"We like to think of Opstrace as open-source distribution for observability"
Sebastien Pahl is one of the cofounders of the company Docker (formerly dotCloud), having previously worked as an engineer at Red Hat, Mesosphere, and Cloudflare. On March 25, 2021, he was our guest for an Ask Me Anything (AMA) session on Clubhouse, during which he discussed his latest project, Opstrace, which he recently launched with Mat Appelman. Initially described as the “open source Datadog,” Opstrace allows you to deploy secure, horizontally scalable open-source observability in your own cloud account, combining open APIs with the user experience of a large service provider. In this article, you will find the main insights gained from this AMA session. To listen to our future AMAs live, join the Welcome Tech club on Clubhouse!
The reasons behind Opstrace’s creation
I met Opstrace’s cofounder, Mat Appelman, at Mesosphere, along with a lot of our team. We wanted to solve new problems in the infrastructure space, and it seemed like a good time.

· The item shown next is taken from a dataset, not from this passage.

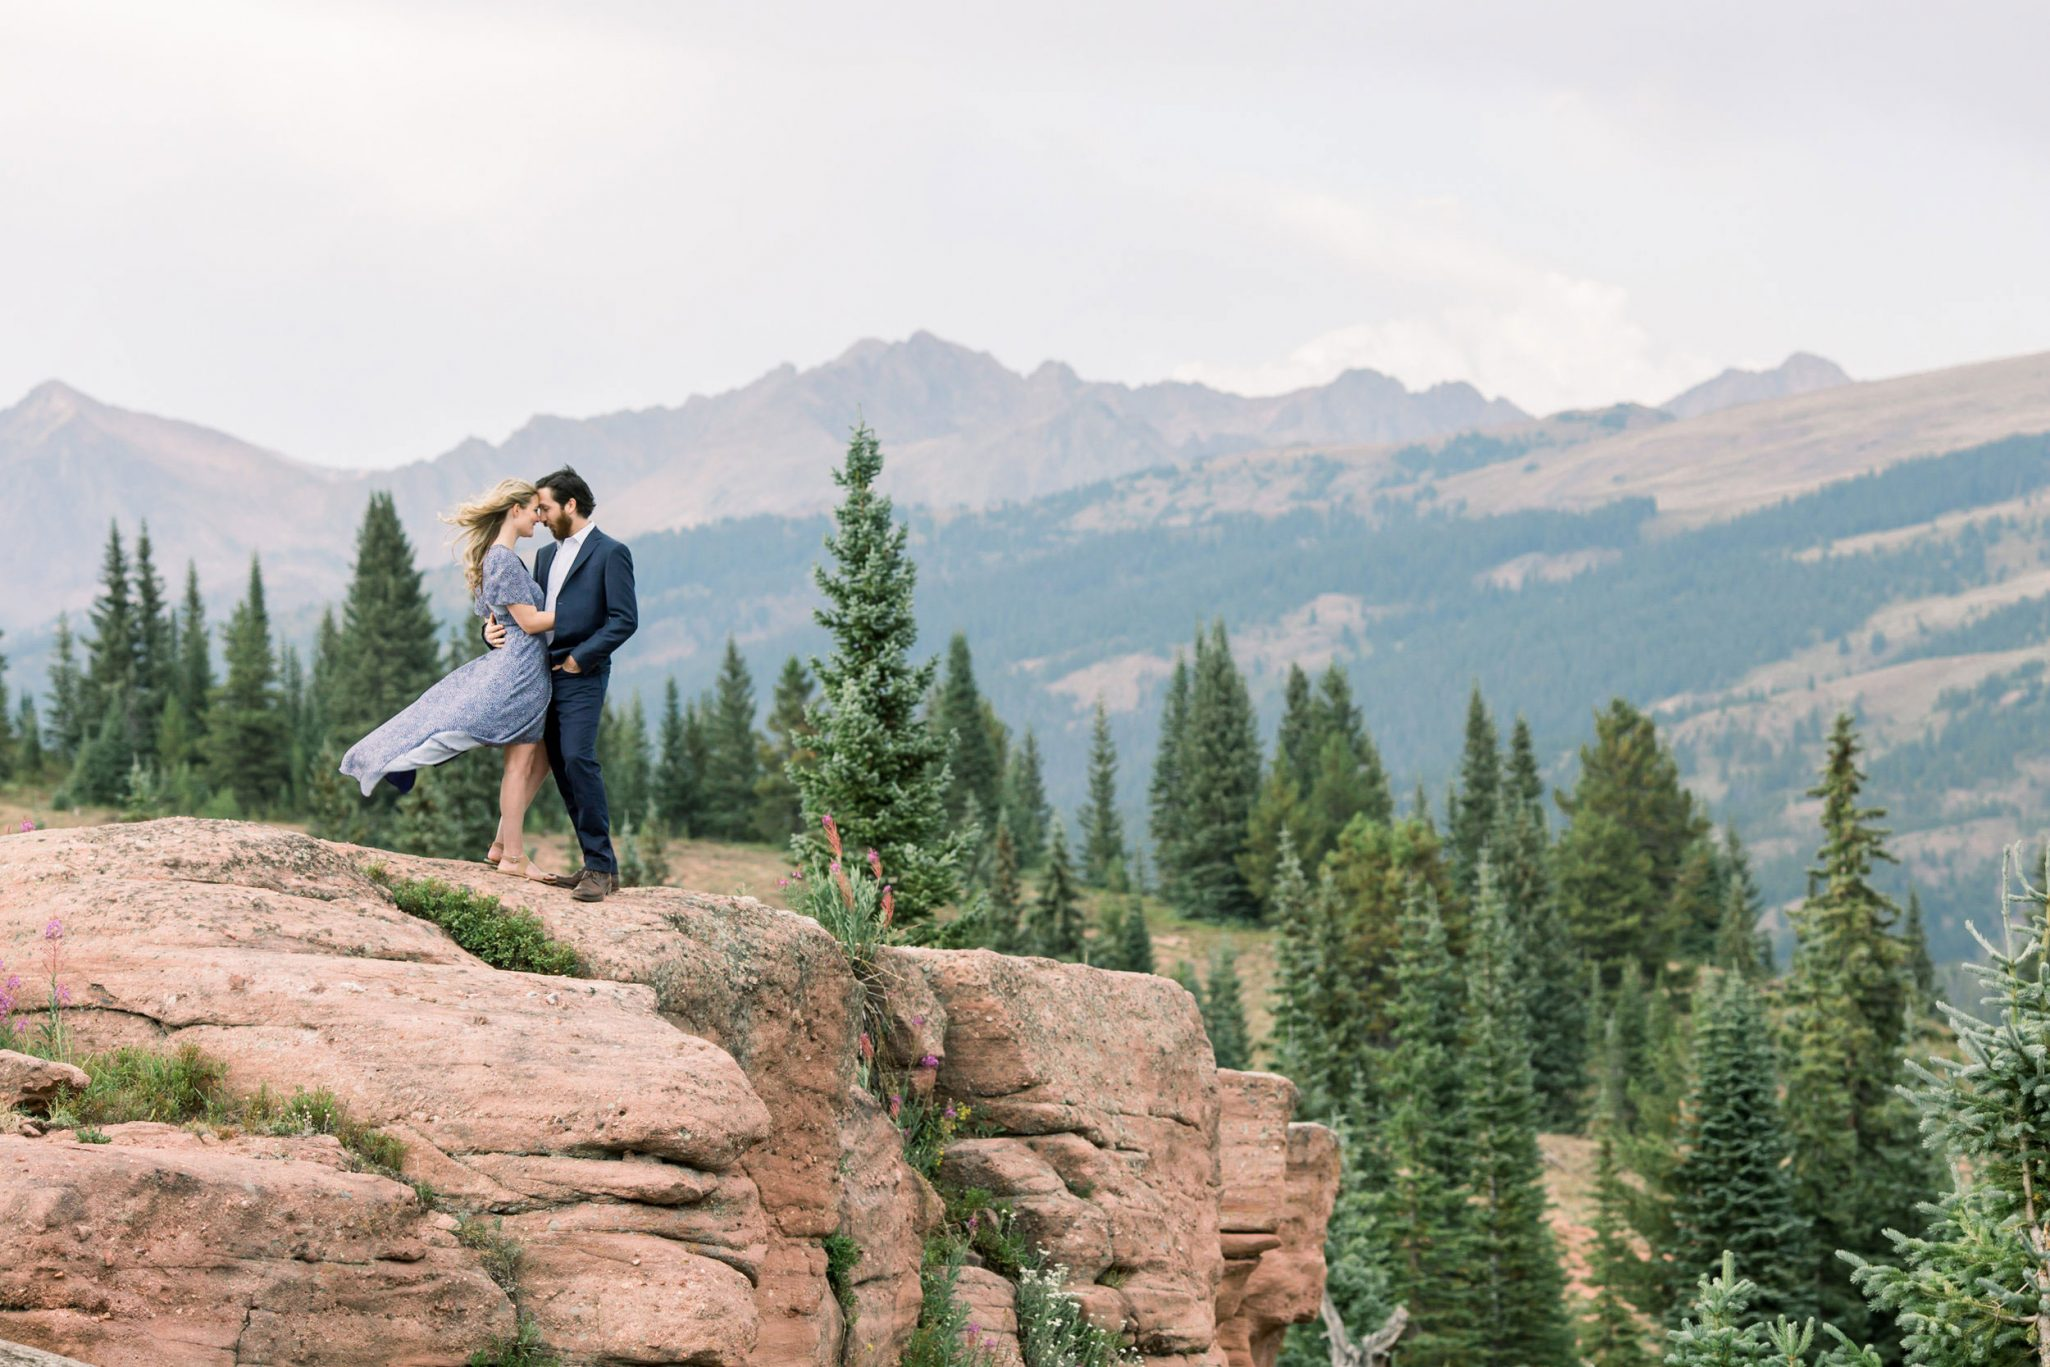 Engagement photos on Shrine Mountain, Vail, Colorado

So we started talking to a lot of companies about how they used observability and how they monitored and logged their systems, and we saw that it wasn’t a solved problem. Everybody was either using a SaaS company, which is fine but expensive, or they had to put something together themselves. And in the world of open source, to use cool things like Prometheus requires experts.
But we love open-source software! That’s the kind of software we want to use, and that’s the kind of software we want more people to be able to use. That’s why we decided to create Opstrace! An open-source tool that has more automation, thanks to APIs, making it really accessible and easy to monitor your platforms and systems at scale—not just to start with, but really something you can grow with, and without having to be an expert. We like to think of Opstrace as open-source distribution for observability.
Explore more in our section: Tech
The current state of the project
Right now, there are seven engineers working at Opstrace, and the project currently comprises an installer and a controller to basically install and maintain the system. So all you need to have to get started is a Google Cloud Platform [GCP] or an Amazon Web Services [AWS] account—you can deploy and install our open-source observability solution there. The kits have repository builds and a command line interface [CLI]. You take the CLI and you give it pod credentials, and then you can deploy a three-node cluster, or more if you need to, or a cluster that has the APIs you can start sending logs and metrics to, and then provide a CLI to upgrade. This is the current state of things. And we also built a user interface [UI]. We built some APIs that don’t exist anywhere else, and we’re going to be adding features that don’t necessarily exist anywhere else. For example, there’s nothing in open source today that can do synthetics.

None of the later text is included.